=== Exercise requirements ===
Could you repeat the entries below exactly, but only from the line with "Amana® washer and dryer pair in laundry room" through the line with "Amy Poehler blasts", and without any picture?
[[ Records shown open ]]
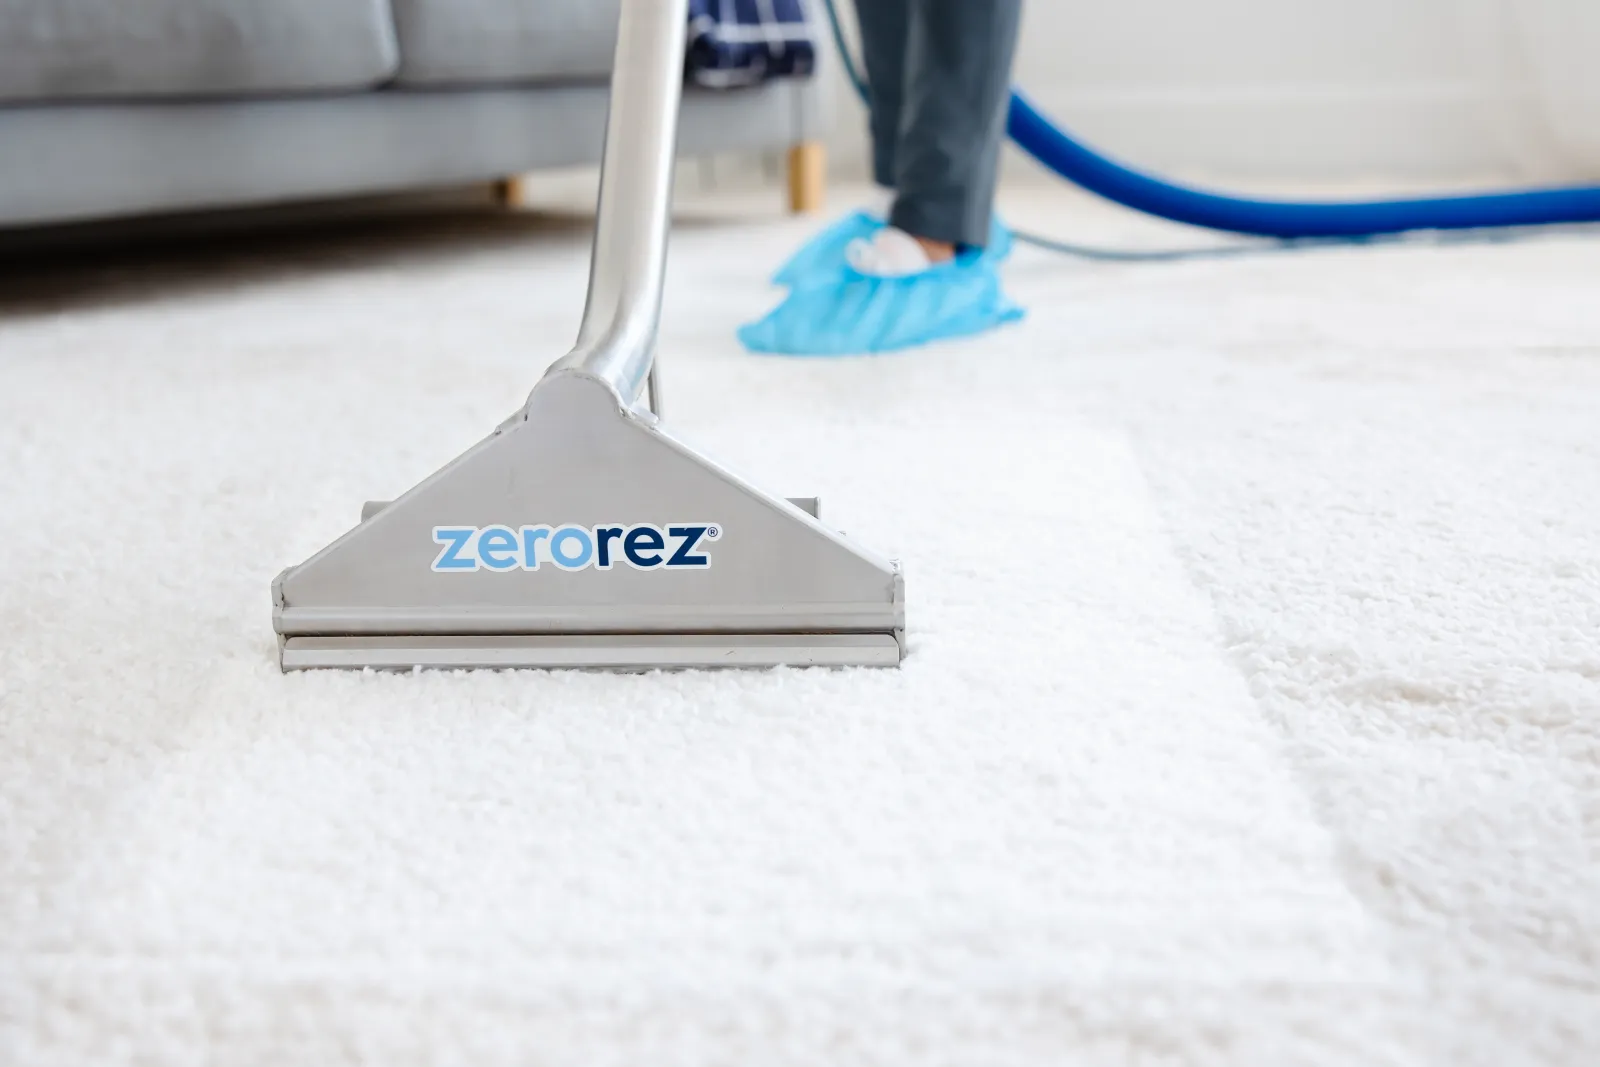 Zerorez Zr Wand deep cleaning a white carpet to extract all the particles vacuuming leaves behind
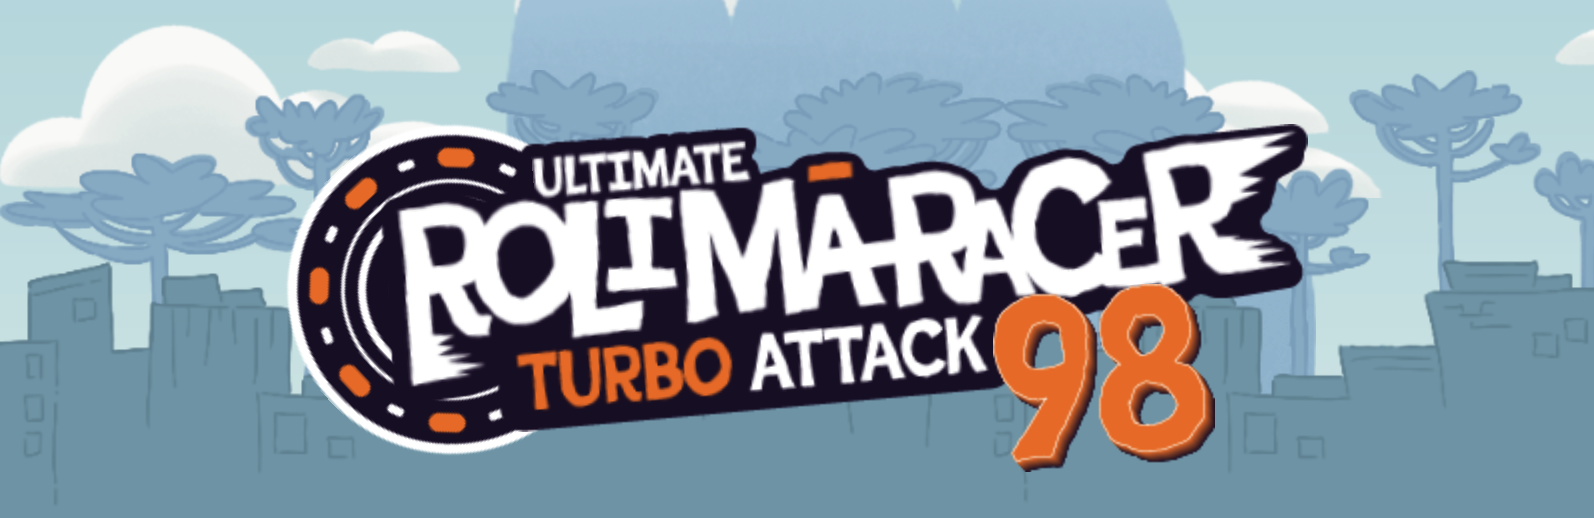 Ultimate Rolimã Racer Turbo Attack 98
[[ Records shown closed ]]
[[ Records shown open ]]
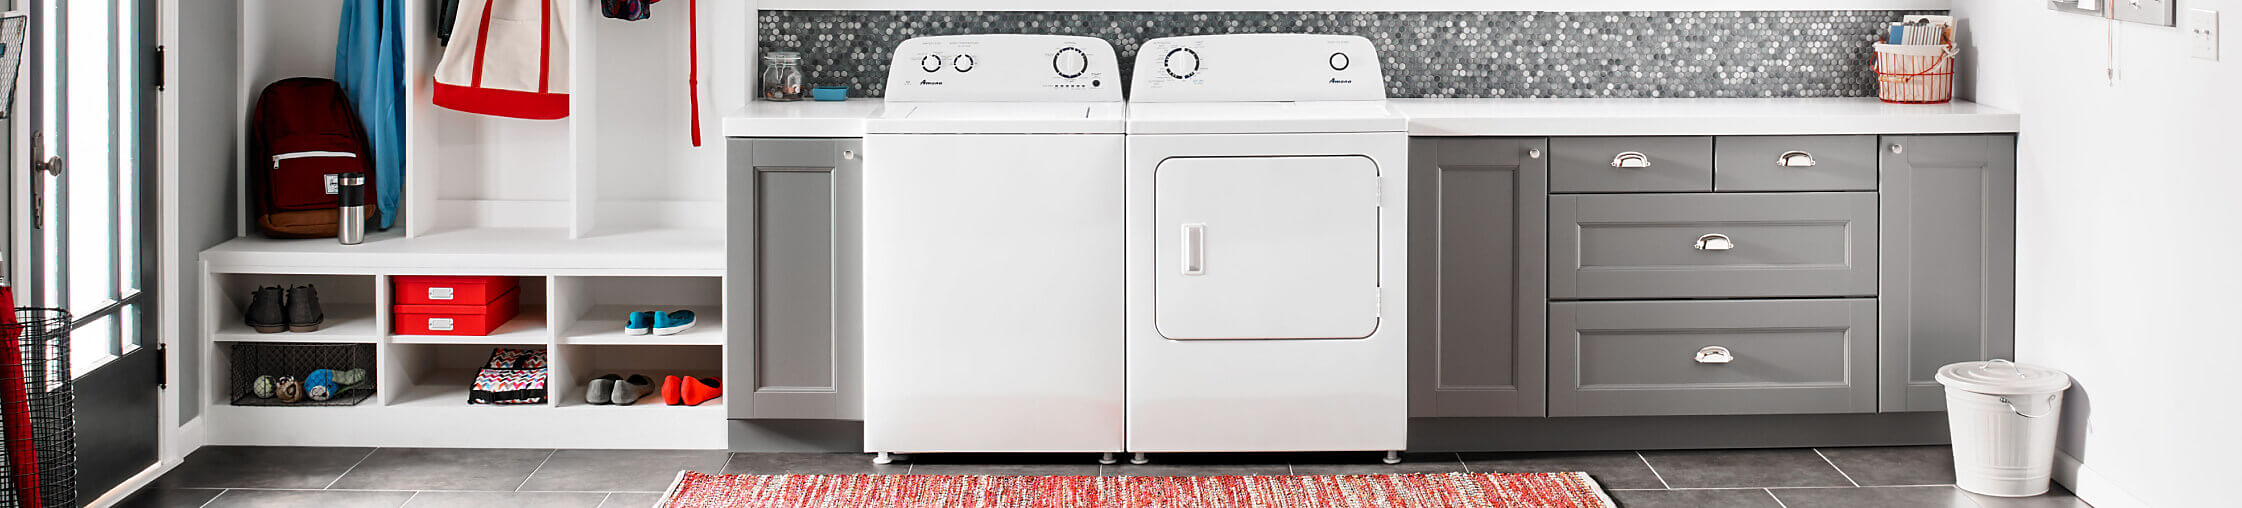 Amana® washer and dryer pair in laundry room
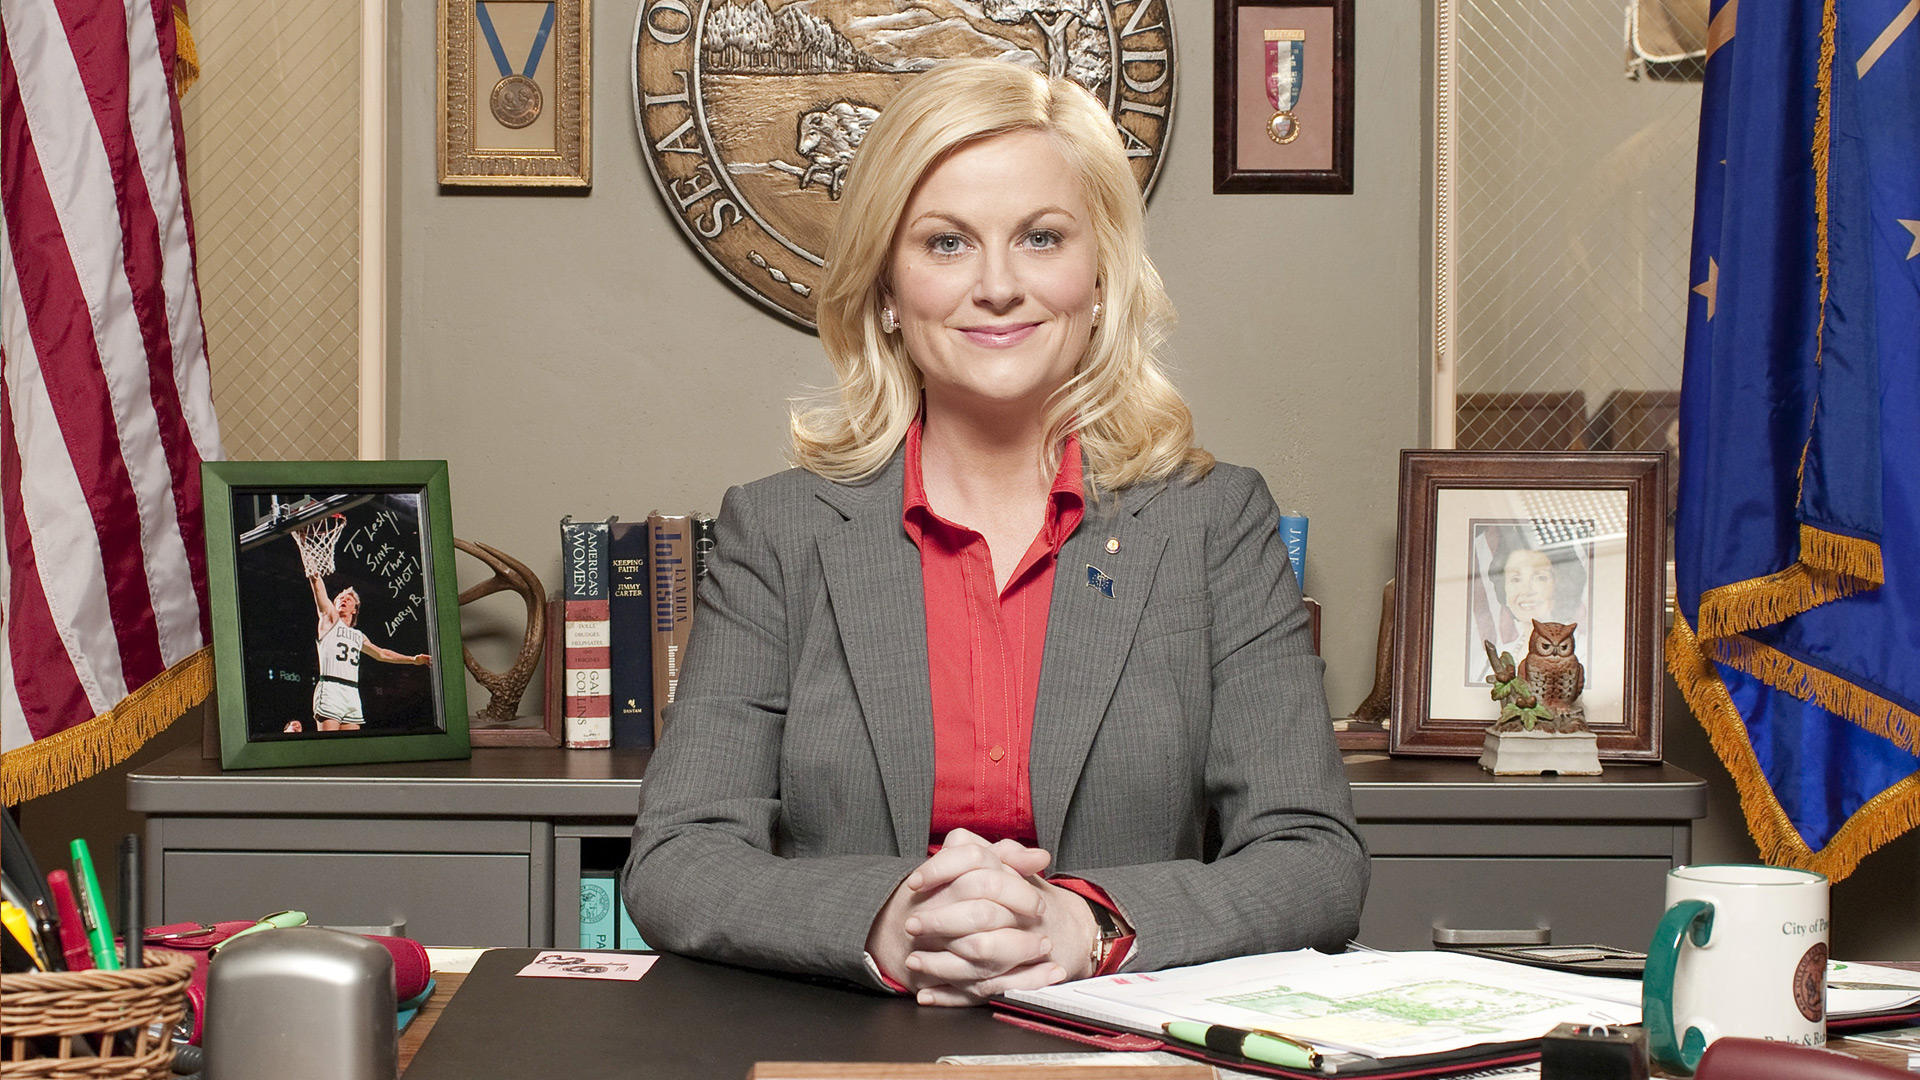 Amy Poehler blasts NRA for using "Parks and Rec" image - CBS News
[[ Records shown closed ]]
=== Answer ===
 Amana® washer and dryer pair in laundry room
 Amy Poehler blasts NRA for using "Parks and Rec" image - CBS News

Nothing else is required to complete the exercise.